Technology
|
AI Simulation & Agent Training
|
YC W26
|
Valuation:
Undisclosed

Last Updated:
March 24, 2026

Builds automated simulated worlds for training and evaluating AI agents on complex, long-horizon, multi-tool digital workflows like software engineering, enterprise operations, and knowledge work.
Polymath has publicly released Horizon-SWE, a benchmark simulating an end-to-end software company where agents must plan, code, test, deploy, and monitor software. They've announced automated, human-in-the-loop environment generation and integration with real-world digital tools (Slack, GitHub, Linear, email, browsers). Their public roadmap centers on expanding benchmark coverage across enterprise digital workflows and scaling cloud-native simulation infrastructure.
Job postings for Build & DevOps Engineers, Networking Engineers, Data Pipeline Engineers, and Mechanical Designers suggest investment in robotics-adjacent simulation and distributed cloud infrastructure beyond their current digital-workflow focus. GitHub activity and hiring for Founding Research Engineers point toward differentiable simulation and sim-to-real transfer research. Sales hiring (Account Executives) signals imminent enterprise go-to-market motion.

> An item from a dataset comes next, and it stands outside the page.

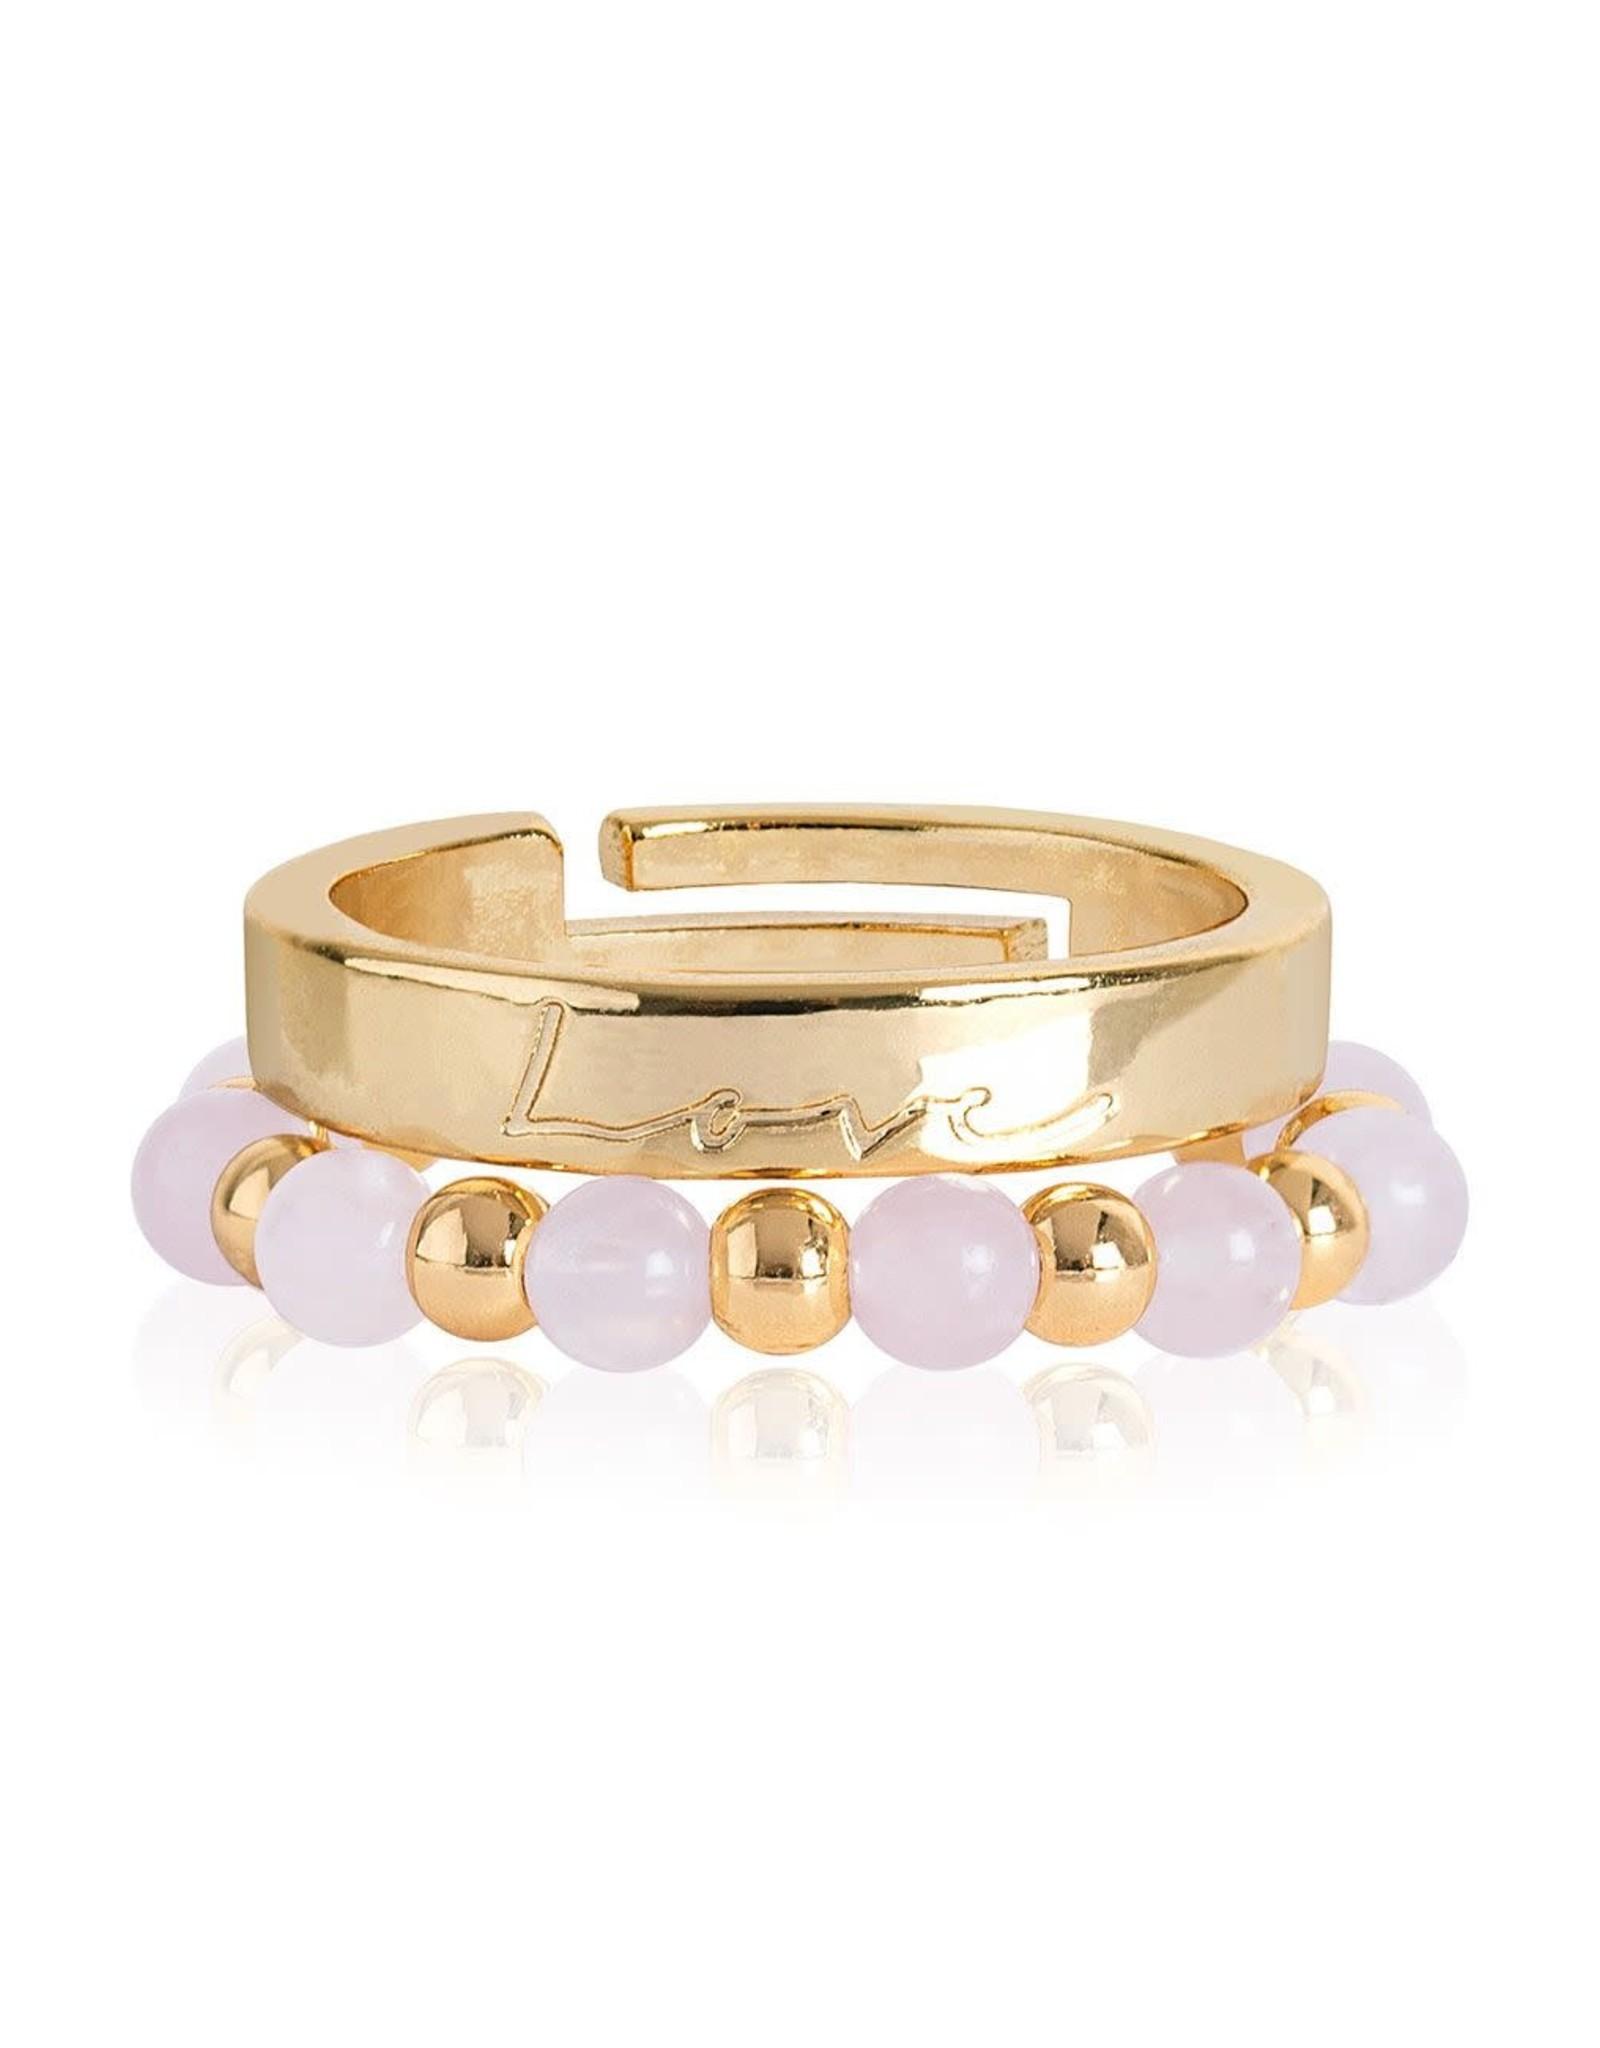 Katie Loxton SIGNATURE STONES - LOVE RINGS - gold/rose quartz

Automated procedural world generation that creates diverse, realistic digital environments for training AI agents without manual scenario authoring.
Instead of humans hand-building every test scenario for AI agents, Polymath's system automatically generates thousands of realistic digital workplaces—complete with tools, data, and tasks—so agents can learn faster and cheaper.
It's like having an AI dungeon master who instantly conjures up thousands of unique office buildings—each with different teams, tools, and problems—so your AI intern can practice working at all of them before its first real day on the job.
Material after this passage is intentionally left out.